AV is consulting and has a research agreement with Abbott for the modeling of H1N1 diffusion. The other authors have declared that no competing interests exist.


Number imported cases (May 8th) USA UK France Germany Brazil
Simulation Results 0 – 534 0 – 44 0 – 62 0 – 55 0 – 45
Surveillance data 85 (170) 17 11 9 3

Table 1: Cumulative number of imported cases from Mexico shown as the 99% reference range over 2,000 realizations on May 8 for a few countries. The simulations are obtained with the best estimate parameters of the baseline case of Ref. [9] and R0=1.75 [95%CI 1.64 to 1.88]. The number of imported infected individuals and of independent clusters correspond to the data given in Ref. [6] for US, and UK and the values in [23] for France, in [22] for Germany and in [24] for Brazil. No data was available to assess the possible presence of clusters in Germany and France. In the USA we report in parentheses the revised number considering the rate of unknown travel history in confirmed cases.
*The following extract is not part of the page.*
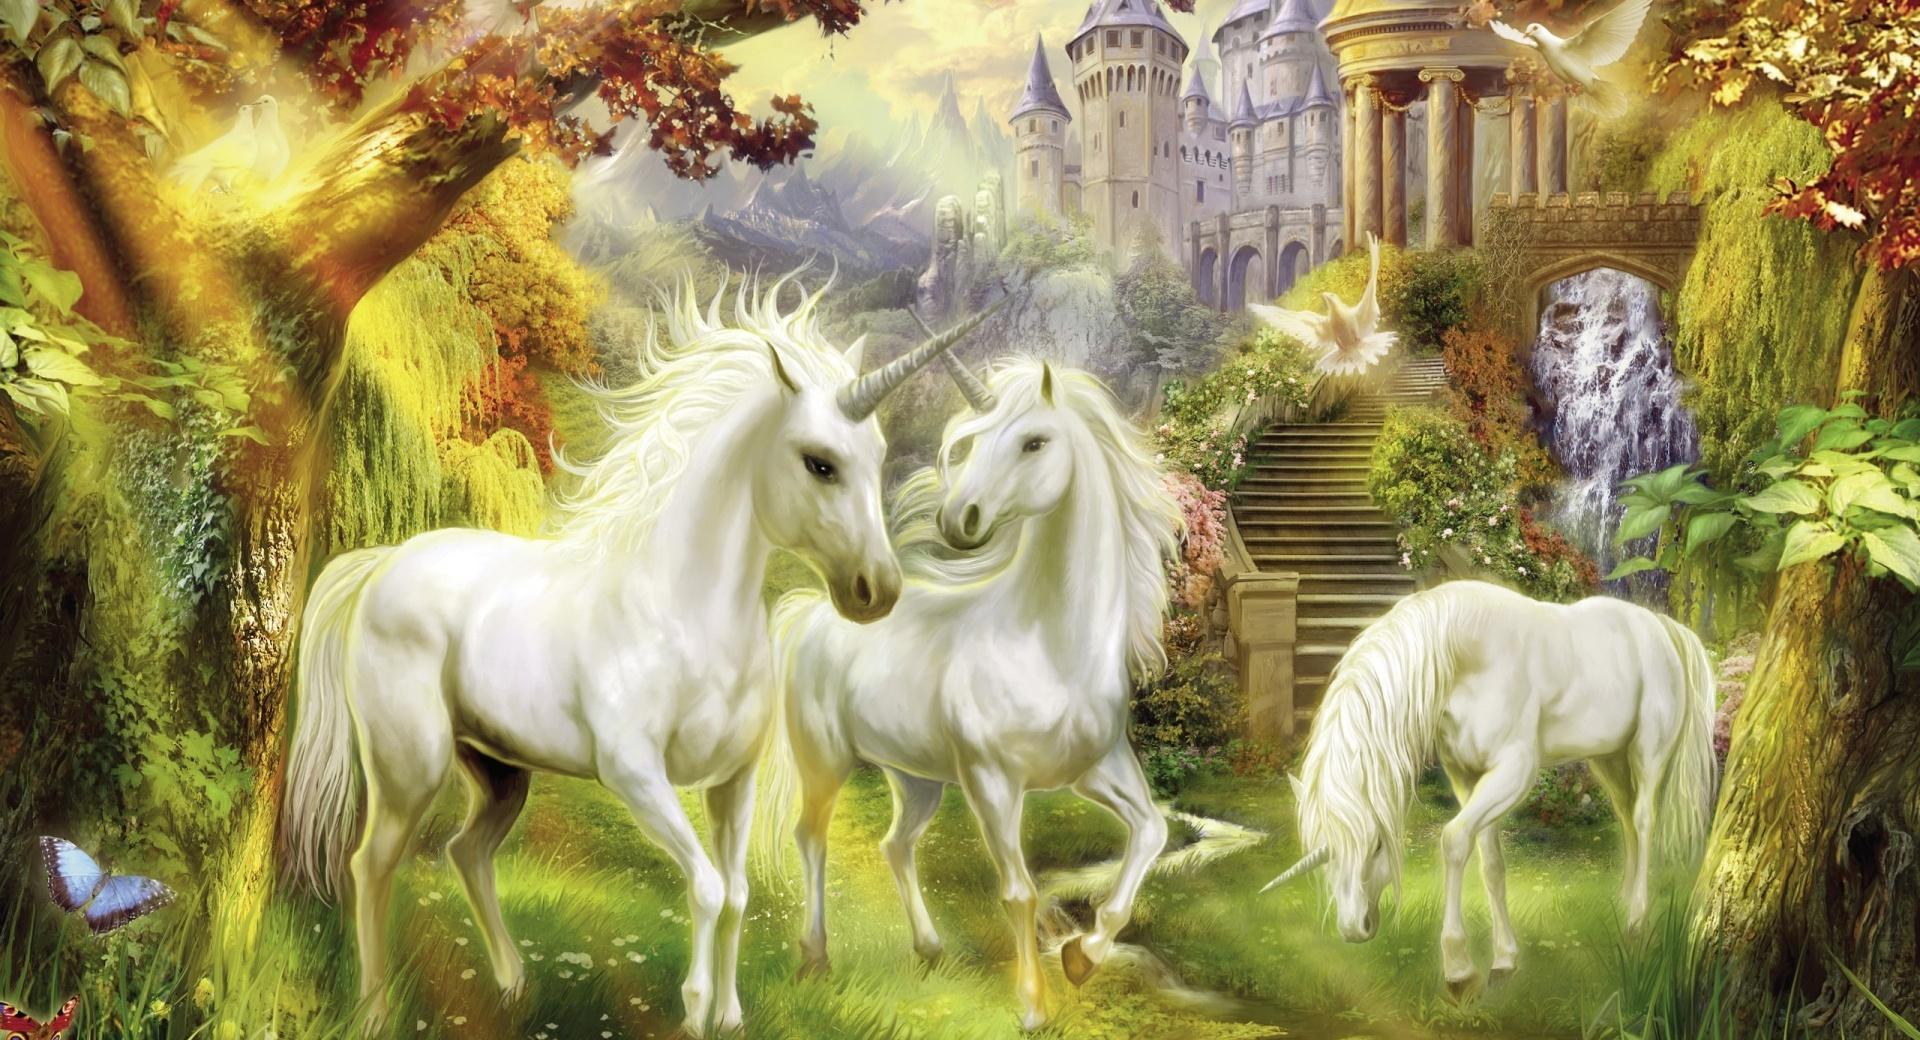 Fantasy Unicorns wallpapers HD quality

Number of symptomatic cases in Mexico (Apr. the 30th)
Simulation Results [121,000 – 1,394,000]
Lower bound range of Ref. [6] 113,000-375,000
Estimate of Ref. [5] * 2,000 – 280,000
Mexican official report [7] (confirmed cases) 3,350

Table 2: Predictions of GLEaM for the size of the epidemic in Mexico on April 30 in thousands of cases and comparison with other approaches and with empirical data. The simulations are obtained with the best estimate parameters of the baseline case of Ref. [9] and show the 95% reference range over 2,000 stochastic realizations. The results are compared with the lower bound estimate range in [6], the estimate provided in Ref. [5] and the number of confirmed cases given by official reports [27]. *The interval provided for Ref. [5] is obtained by merging the results reported in the paper under different assumptions and including the 95% CI.